Though I think the ruby backend ecosystem is a bit more uniform and universal around the main builds unlike Python and it having a lot of well used ‘other’ implementations? Like the main ruby even has a JIT but the main python never will as its designed to be simple and efficient if not fast (like that python is easy to embed as a scripting language, like lua).

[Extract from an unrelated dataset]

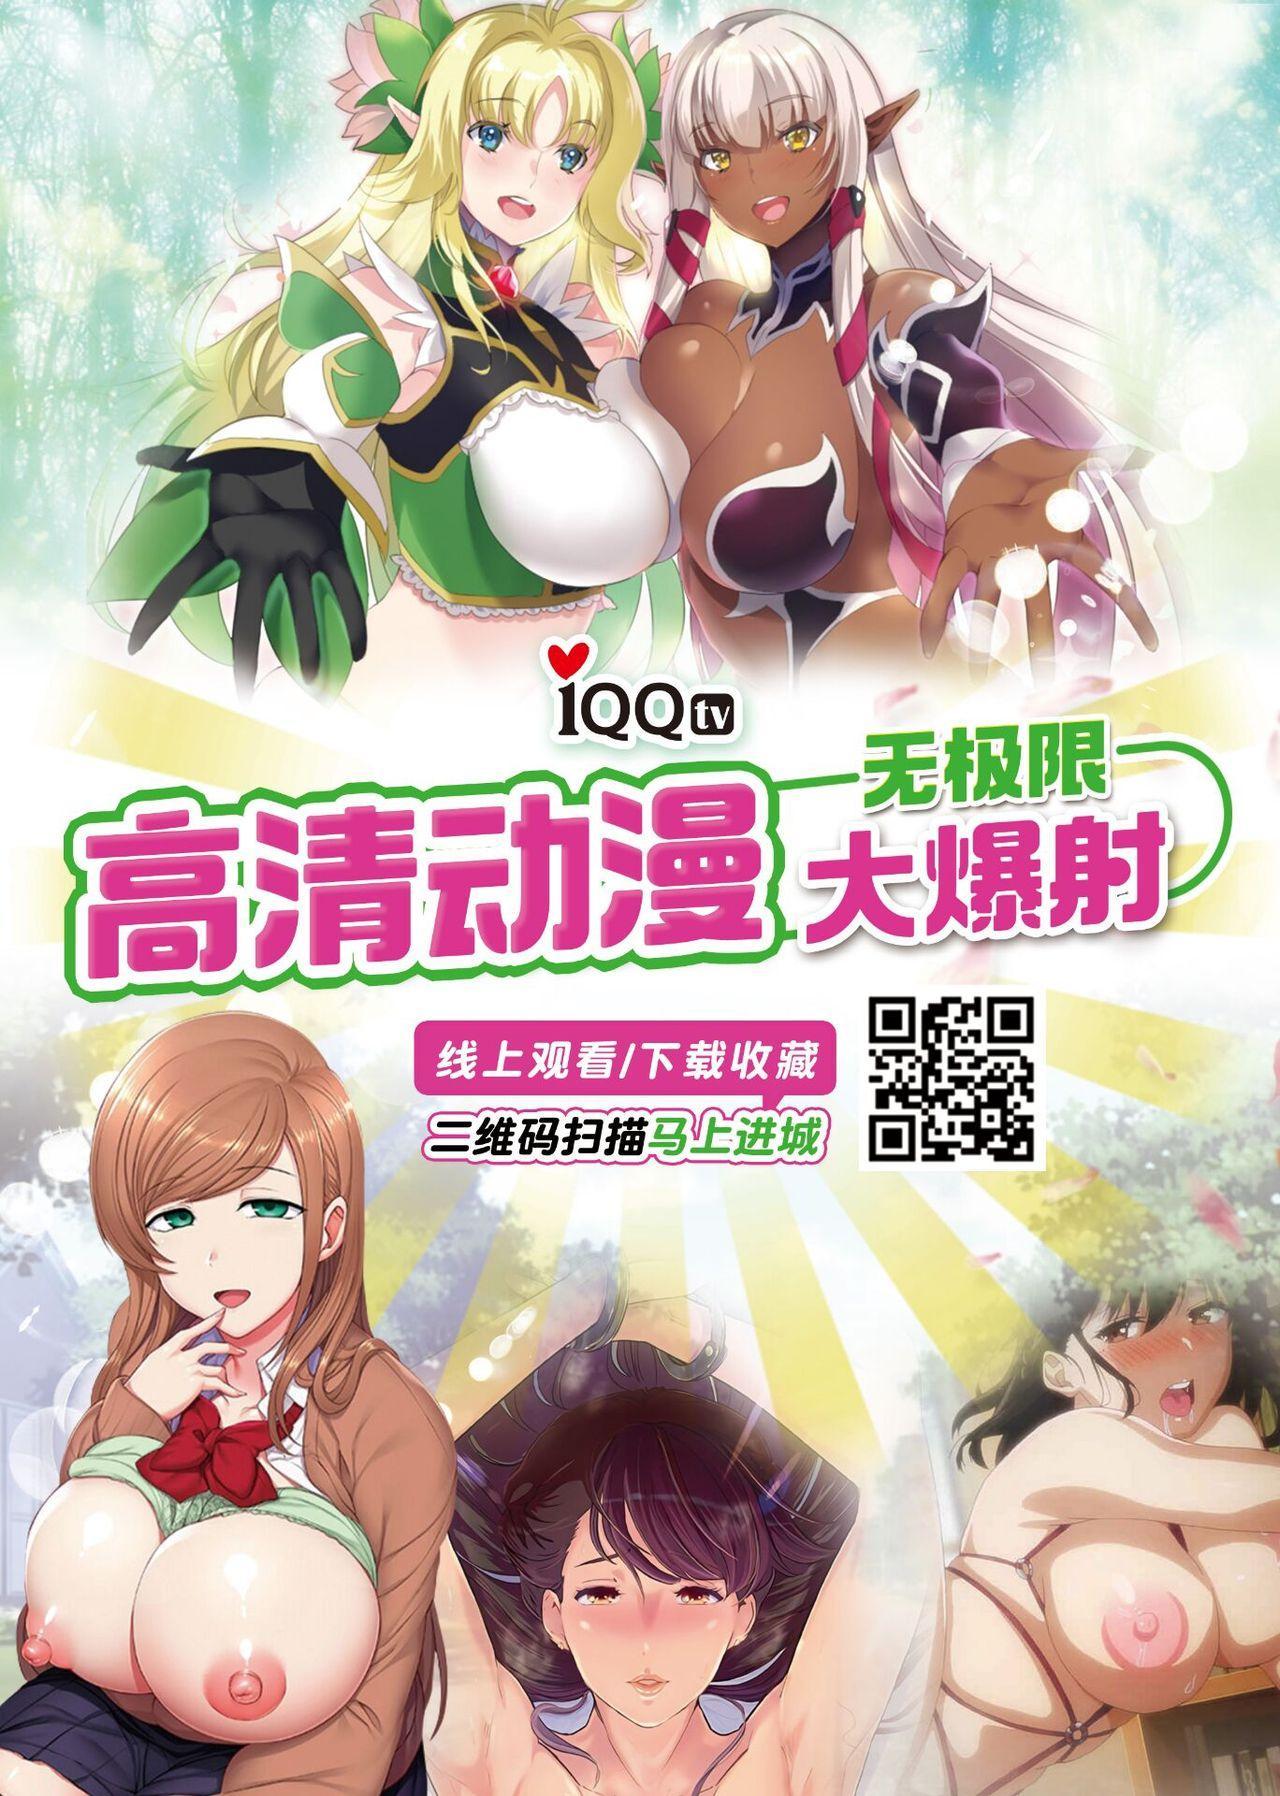 1000 Yen Cut no Onee-san ni Suite Morau Hon. II 24
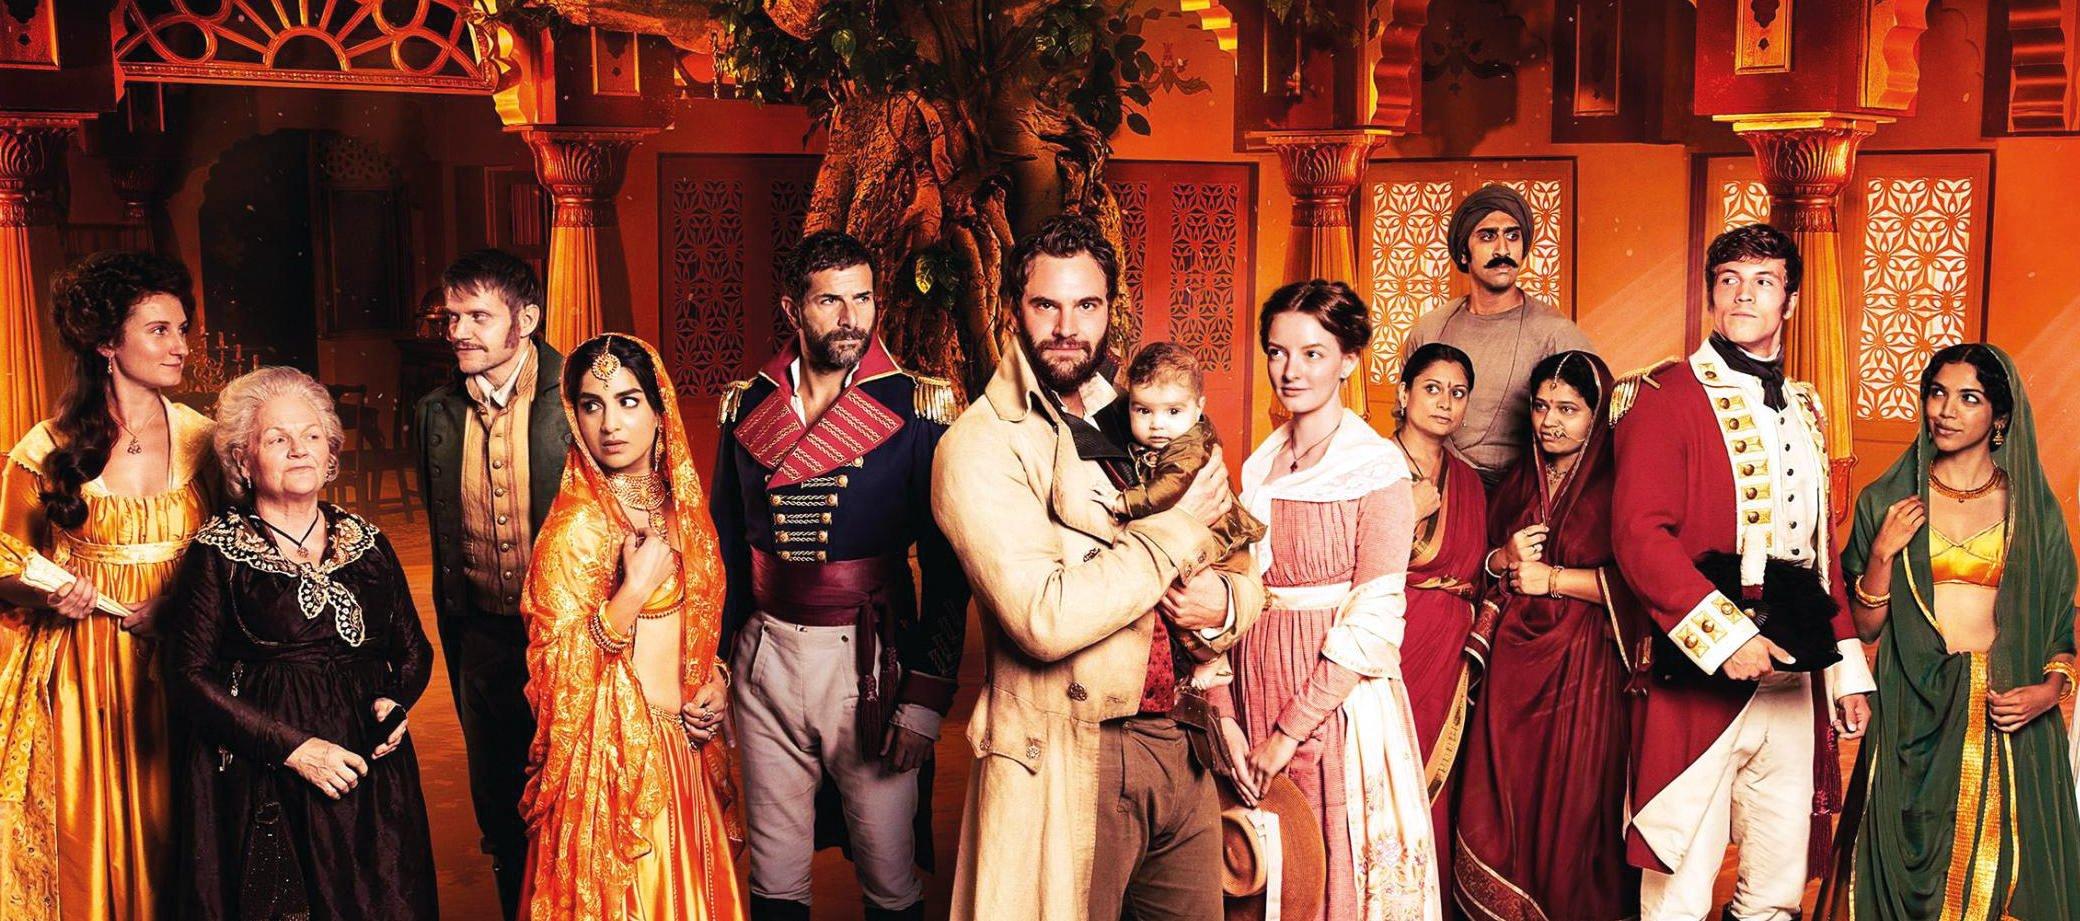 Netflix's Beecham House Review: A Woke White Orientalist's Dream

Is this good for a normal standard ruby-style loop over numbers as a benchmark? I’m wanting to benchmark the actual language interpreter/jit, not any C code in either language (since those can be equally performant and python probably has an edge there because of all it’s scientific libraries) and want it to be how someone would actually write them:

require "benchmark"

def bench(count)
	ret = 0
	(1..count).each do |n|
		ret += ret * 2
	end
end

result = Benchmark.realtime do
  bench(10_000_000)
end

puts("Time Taken for loop of 10_000_000: #{result}s")

And here was pythons:

from timeit import timeit

def bench(count):
	ret = 0
	for i in range(1, count):
		ret += ret * 2
	return ret

result = timeit(lambda: bench(10_000_000), number=1);

print(f"Time Taken for loop of 10_000_000: {result}s")

And running them:

❯ make bench_loop
/home/overminddl1/.asdf/installs/python/3.11-dev/bin/python loop.py
Time Taken for loop of 10_000_000: 0.44509852200280875s
/home/overminddl1/.asdf/installs/python/graalpython-21.3.0/bin/python loop.py
Time Taken for loop of 10_000_000: 0.06898683903273195s
/home/overminddl1/.asdf/installs/python/pypy3.8-7.3.7/bin/python loop.py
Time Taken for loop of 10_000_000: 0.014560726936906576s
/home/overminddl1/.asdf/installs/ruby/3.1.0-preview1/bin/ruby loop.rb
Time Taken for loop of 10_000_000: 0.5772202990483493s

So it looks like ruby is by default still slower than python, though not by near the margin it used to be. Python’s two most popular JIT’s graal and pypy are both significantly faster, with pypy being the fastest (by a large margin even over graal, I’m impressed by that…).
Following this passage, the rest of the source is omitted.